Setting up an ELK Logging Server
-
Okay, at some point everything got broken and even what was working before is not working now. This is pretty crazy both that all of the instructions from DigitalOcean are wrong, the documentation from ELK is wrong and on GitHub there is no consensus on a fix. I'm rapidly losing all faith in ELK as they are dependent on components that are not working and even they don't seem to have any idea how to make work.
-
Rebuilding from their new (updated in the last 72 hours) ELK image and starting fresh.
-
Update: DigitalOcean has a new build of the ELK image that is fully up to date since I started this thread and you need it in order for things to work. If you are experiencing the issues that I listed above, stop and start over with the latest build. Things "just work" again. I already have CentOS running on CloudatCost sending logs over to ELK on DigitalOcean.
-
If you have a central jump server like we do, it is super easy to push out keys.

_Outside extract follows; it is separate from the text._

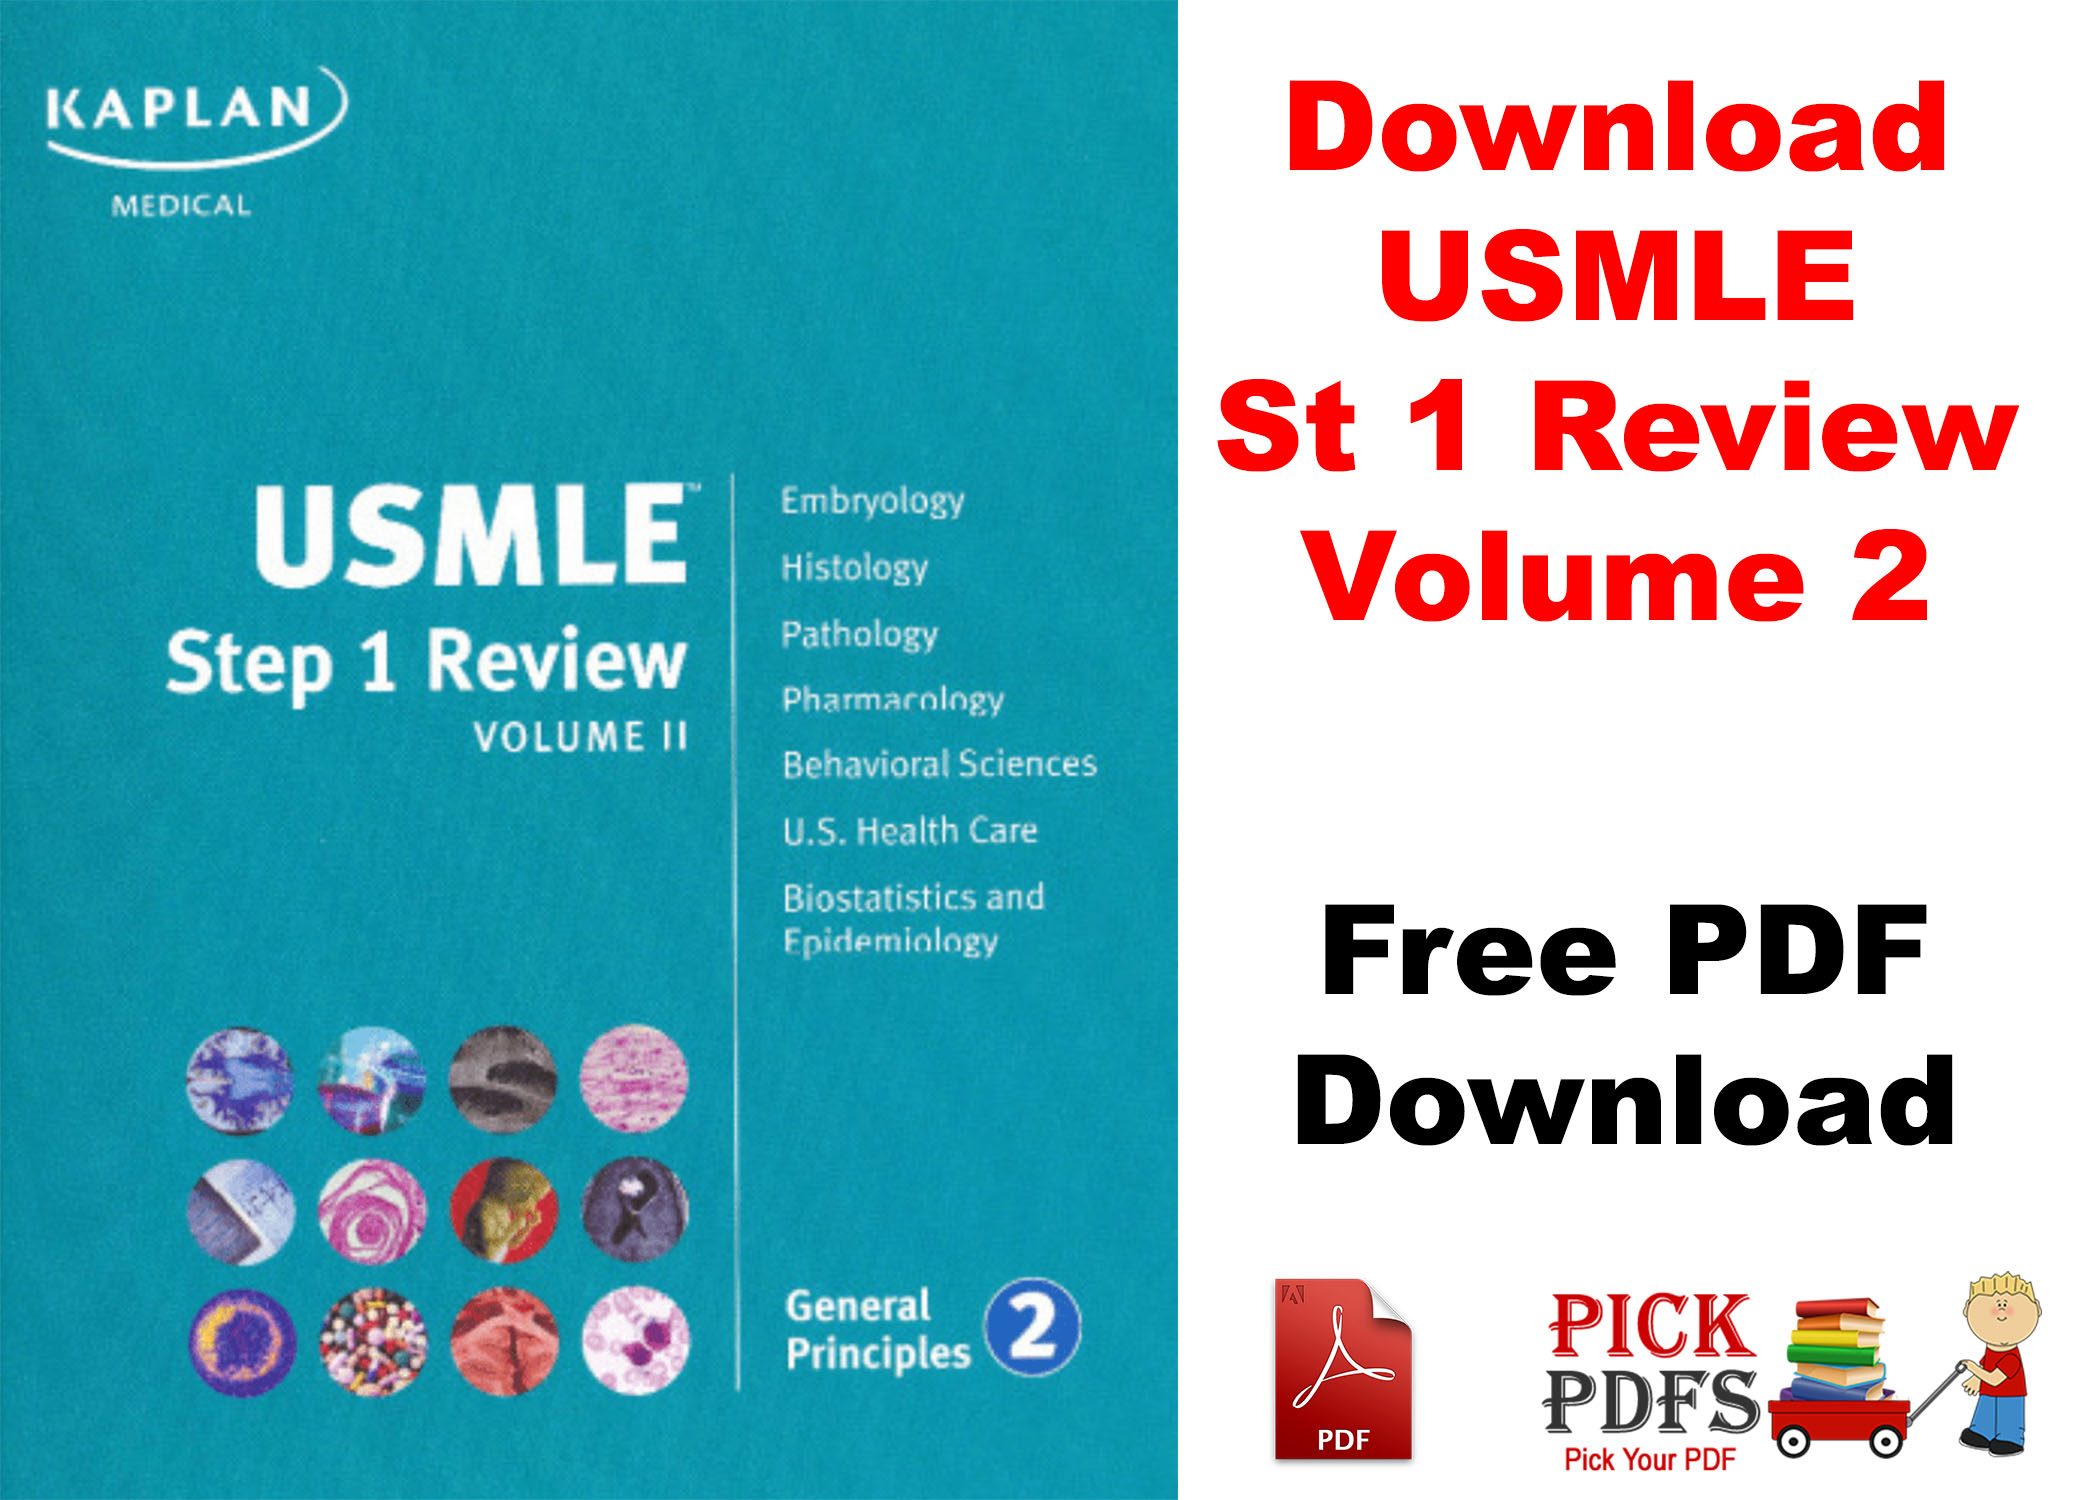 kaplan usmle step 1 review pdf free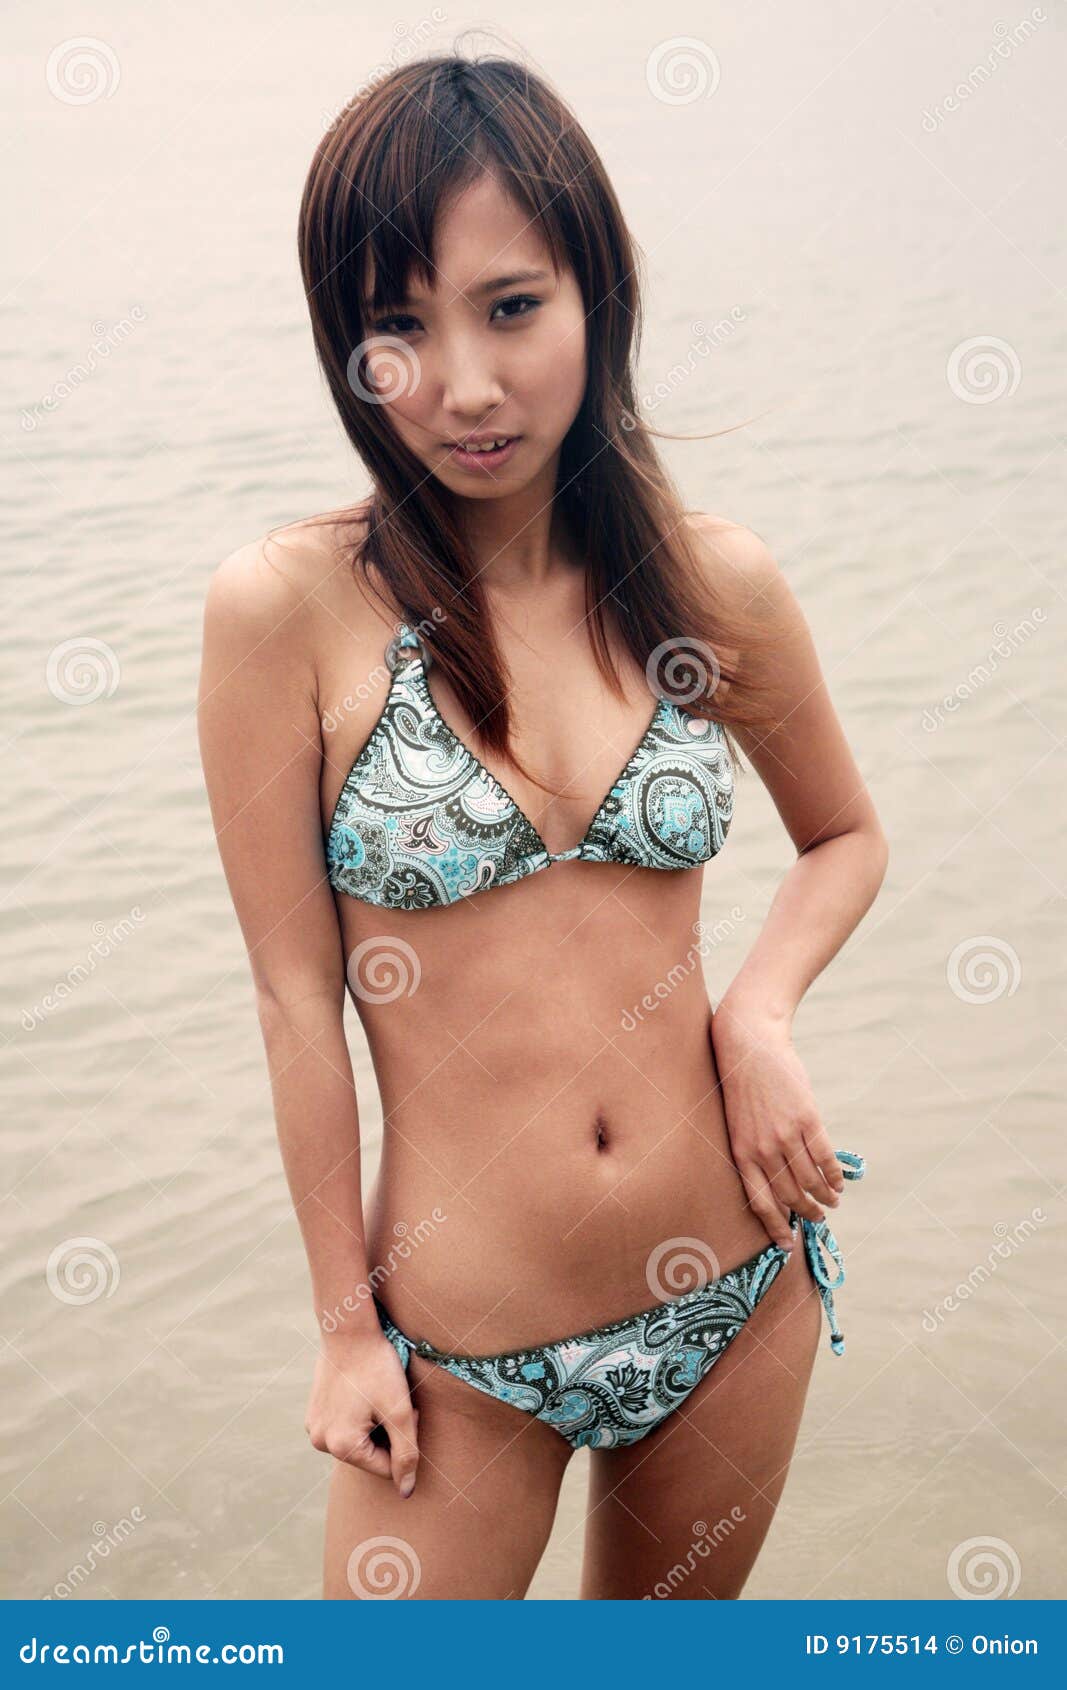 Cute asian women bikini

Once you have the key in place on the Jump server, you can do this to update it at client machines (very easy to script.)
scp /etc/pki/tls/certs/logstash-forwarder.crt root@dny-lnx-pbx1:/etc/pki/tls/certs/ -
Just got a third server feeding into the ELK system. This is working perfectly after the latest update.
-
Here is my working /etc/logstash-forwarder configuration file (x.x.x.x = my IP address, of course)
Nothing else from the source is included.